Hierarchical Policy for Non-prehensile Multi-object Rearrangement with Deep Reinforcement Learning and Monte Carlo Tree Search

AI-generated keywords: Non-prehensile Multi-object Hierarchical Policy Monte Carlo Tree Search Path Primitives

AI-generated Key Points

  • Hierarchical policy for non-prehensile multi-object rearrangement (NPMO)
  • Complexity of NPMO task due to considering object reach and order of movement
  • High-level policy: Monte Carlo Tree Search (MCTS) algorithm with a designed policy network
  • Low-level policy: Robot plans paths using path primitives instead of single-step discrete actions
  • Experimental results show higher success rates, fewer steps, and shorter path lengths compared to state-of-the-art approaches
  • Contributions: Modeling and solving NPMO with hierarchical policy, high-level MCTS policy accelerated by a trained policy network, low-level policy using path primitives
  • Effective solution combining deep reinforcement learning techniques with Monte Carlo Tree Search
Also access our AI generated: Comprehensive summary, Lay summary, Blog-like article; or ask questions about this paper to our AI assistant.

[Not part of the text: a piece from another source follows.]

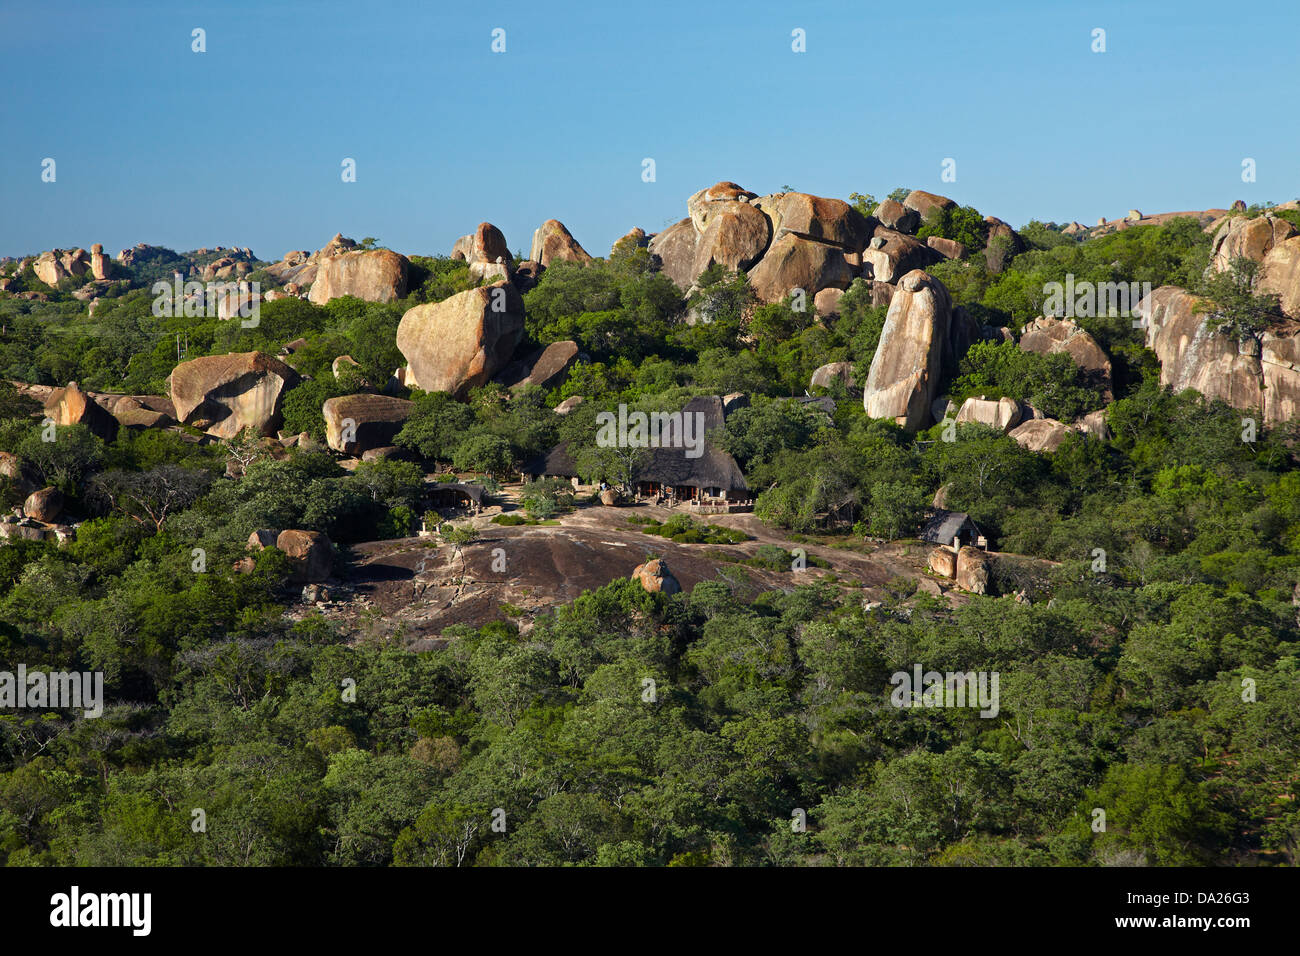 Big Cave Camp, blending in to the granite outcrops of the Matopos Hills, near Bulawayo, Zimbabwe, Southern Africa Stock Photo

Authors: Fan Bai, Fei Meng, Jianbang Liu, Jiankun Wang, Max Q. -H. Meng

License: CC BY 4.0

Abstract: Non-prehensile multi-object rearrangement is a robotic task of planning feasible paths and transferring multiple objects to their predefined target poses without grasping. It needs to consider how each object reaches the target and the order of object movement, which significantly deepens the complexity of the problem. To address these challenges, we propose a hierarchical policy to divide and conquer for non-prehensile multi-object rearrangement. In the high-level policy, guided by a designed policy network, the Monte Carlo Tree Search efficiently searches for the optimal rearrangement sequence among multiple objects, which benefits from imitation and reinforcement. In the low-level policy, the robot plans the paths according to the order of path primitives and manipulates the objects to approach the goal poses one by one. We verify through experiments that the proposed method can achieve a higher success rate, fewer steps, and shorter path length compared with the state-of-the-art.

Submitted to arXiv on 18 Sep. 2021

Ask questions about this paper to our AI assistant

You can also chat with multiple papers at once here.

AI assistant instructions?

Results of the summarizing process for the arXiv paper: 2109.08973v1

This work presents a hierarchical policy for addressing the task of non-prehensile multi-object rearrangement (NPMO). NPMO involves planning feasible paths and transferring multiple objects to their predefined target poses without grasping. The complexity of this task is deepened by the need to consider how each object reaches its target and the order in which objects are moved. To tackle these challenges, the authors propose a hierarchical policy that divides and conquers the problem. In the high-level policy, a Monte Carlo Tree Search (MCTS) algorithm efficiently searches for the optimal rearrangement sequence among multiple objects. This search is guided by a designed policy network, which benefits from both imitation learning and reinforcement learning. The MCTS-based approach allows for strong long-term decision-making capabilities. In the low-level policy, the robot plans paths using path primitives, which are basic motion sequences used to push objects towards their goal poses. Unlike previous approaches that use single-step discrete actions, the proposed method reduces the depth and width of the search tree by utilizing these path primitives. Experimental results demonstrate that the proposed method achieves higher success rates, requires fewer steps, and has shorter path lengths compared to state-of-the-art approaches. The contributions of this work include modeling and solving NPMO with a hierarchical policy; proposing a high-level MCTS policy accelerated by a policy network trained with imitation and reinforcement learning; designing a low-level policy that plans paths using path primitives; achieving higher success rates; requiring fewer steps; and having shorter path lengths compared to state-of-the art approaches. Overall, this work provides an effective solution for non prehensile multi object rearrangement tasks by combining deep reinforcement learning techniques with Monte Carlo Tree Search.
Created on 09 Dec. 2023

Assess the quality of the AI-generated content by voting

Score: 0

Why do we need votes?

Votes are used to determine whether we need to re-run our summarizing tools. If the count reaches -10, our tools can be restarted.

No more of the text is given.